How smart can be brain get? We probably can’t answer that question until we discover the supreme stimulation, the absolute and optimally enriched environment—which, since every human brain is unique, will be different for each individual. I’ll let you be in my enriched environment if I can be in yours. . . .

Nautilus Machines for the Brain

In the meantime, many researchers and clinicians now believe that mind machines can create a sort of instant super-enriched environment, a brain gymnasium, providing the brain with megadoses of stimulation, novelty, exercise, and challenge. And in doing so, they believe, the mind machines can stimulate rapid, healthy growth in the brain and in its powers.

Over the last twenty years there has been an extraordinary growth in our awareness of the benefits of physical fitness. In these fitness-conscious’ 90s, it’s hard to recall those days when joggers were rare; when people who wanted to eat healthful food were scorned as “health nuts”; when anyone who lifted weights was a “muscle-bound” narcissist; when Nautilus machines, Stairmasters, Ski-Traks, and the concept of aerobics classes had not even been invented.

Today there’s widespread awareness that physical exercise is not some craze, or only for jocks or narcissists, but has benefits for everyone—benefits that include not just better health but a more productive, creative, happy, and fulfilling life. So the concept of brain fitness is one that makes sense to increasing numbers of people. Today, increasing numbers of people are aware that the brain, like the body, requires exercise, challenge, and stimulation to remain healthy; and that, just as exercise of the body can lead to muscle growth and increased vitality, optimal levels of mental exercise and stimulation can lead to greater mental powers. One sign of this is the proliferation of brain gyms and mind spas throughout the world. Another is the explosive growth in sales of mind machines for home use.
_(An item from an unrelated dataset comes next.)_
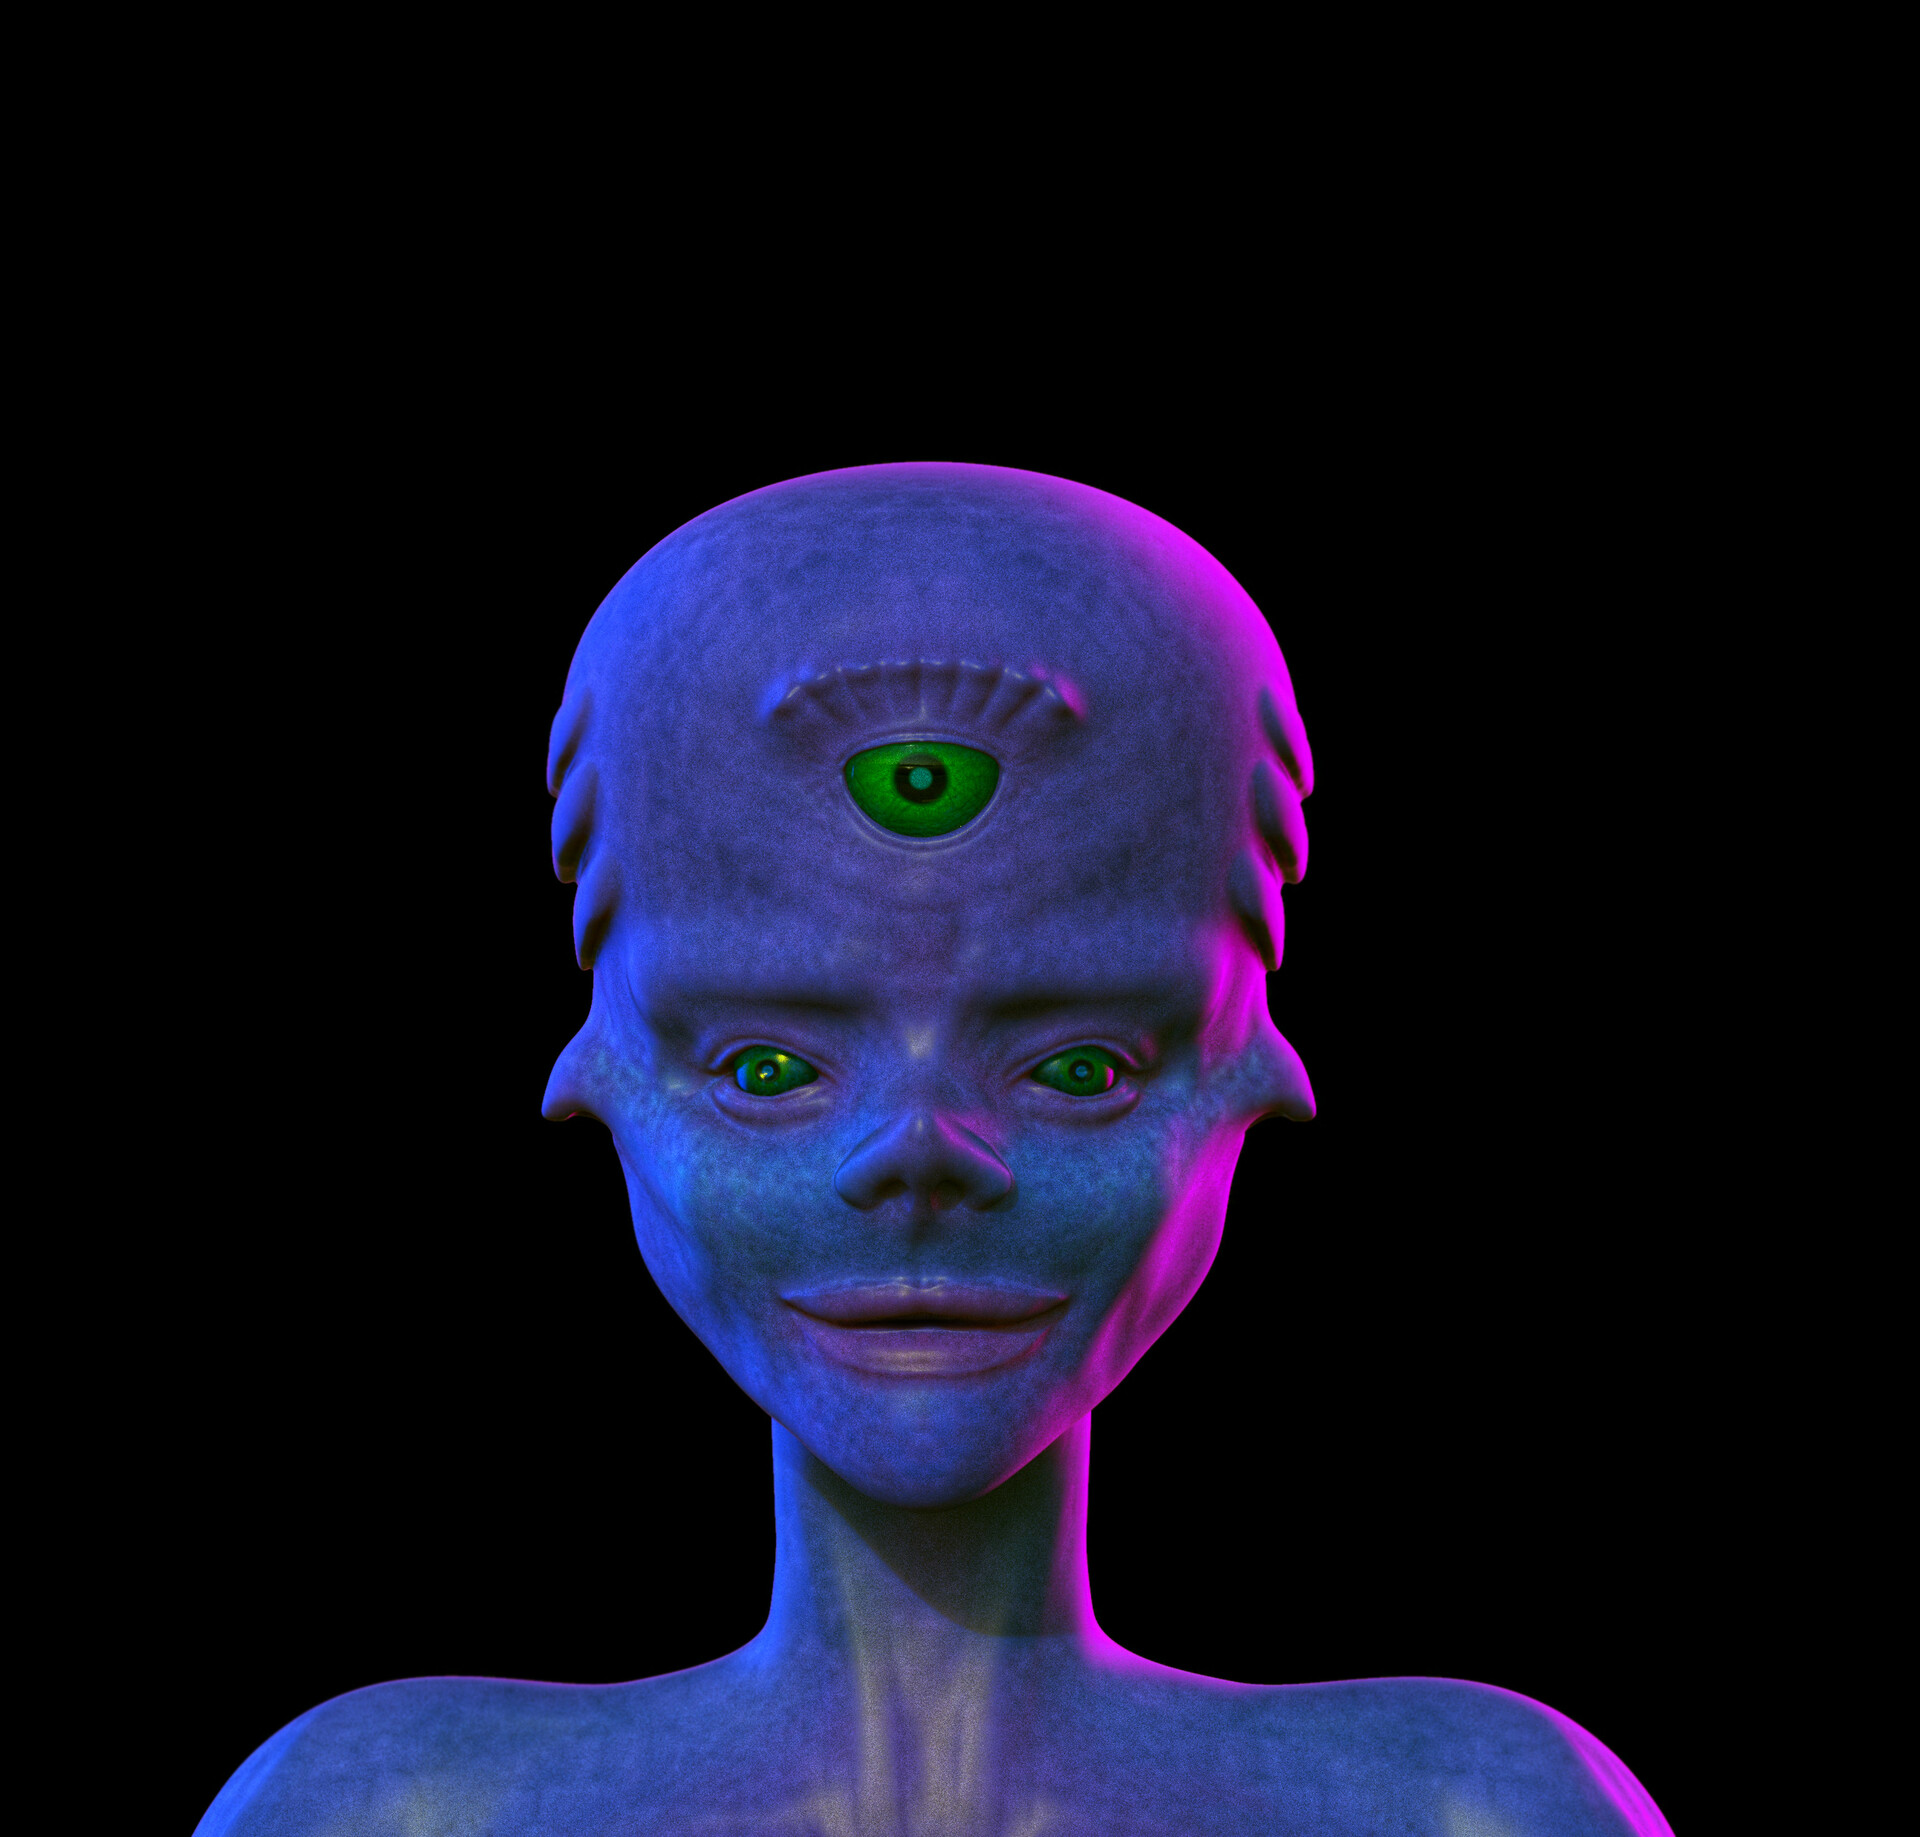 ArtStation - Alien Concept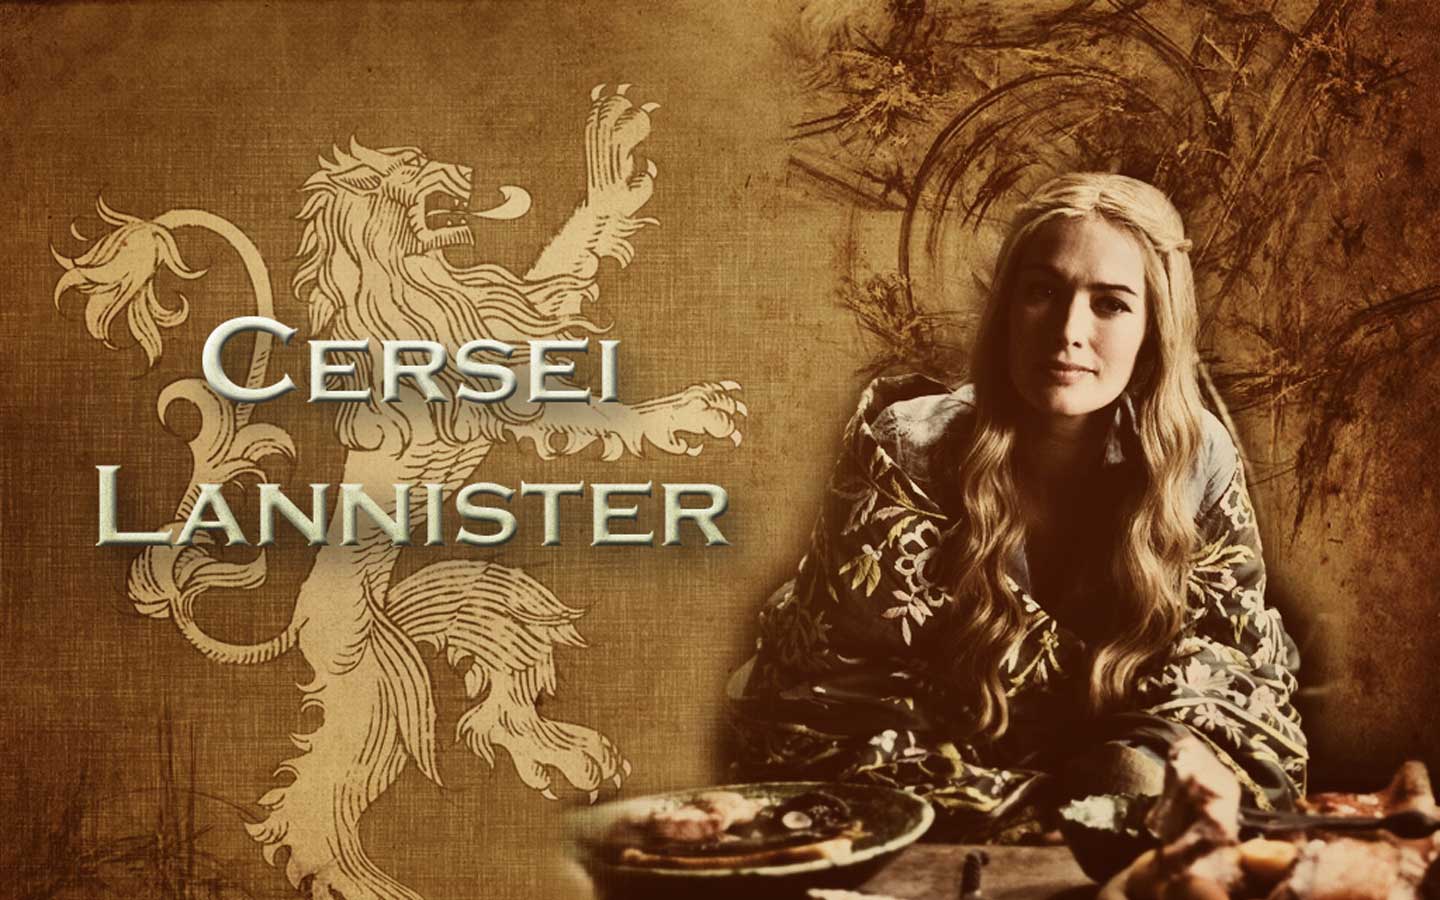 Cersei Lannister - Cersei Lannister Wallpaper (25774069) - Fanpop

Many of us remember our first glimpse of Nautilus and Universal machines—they seemed strange and daunting. But it soon became clear that they were designed for a specific purpose—to provide the optimal challenge to stimulate muscle growth—and that they worked. Today some of the brain-stimulating devices we will explore in this book must appear as strange and daunting to many people. But they too are designed for a specific purpose—to provide optimal levels of stimulation to the brain. And there is a wealth of evidence that they work. Just what these machines are, and how they work, is what we will look at next.


For information about brain growth through enriched environments, see Enriching Heredity: The Impact of the Environment on the Anatomy of the Brain by Marian Cleeves Diamond (New York: Free Press, 1988).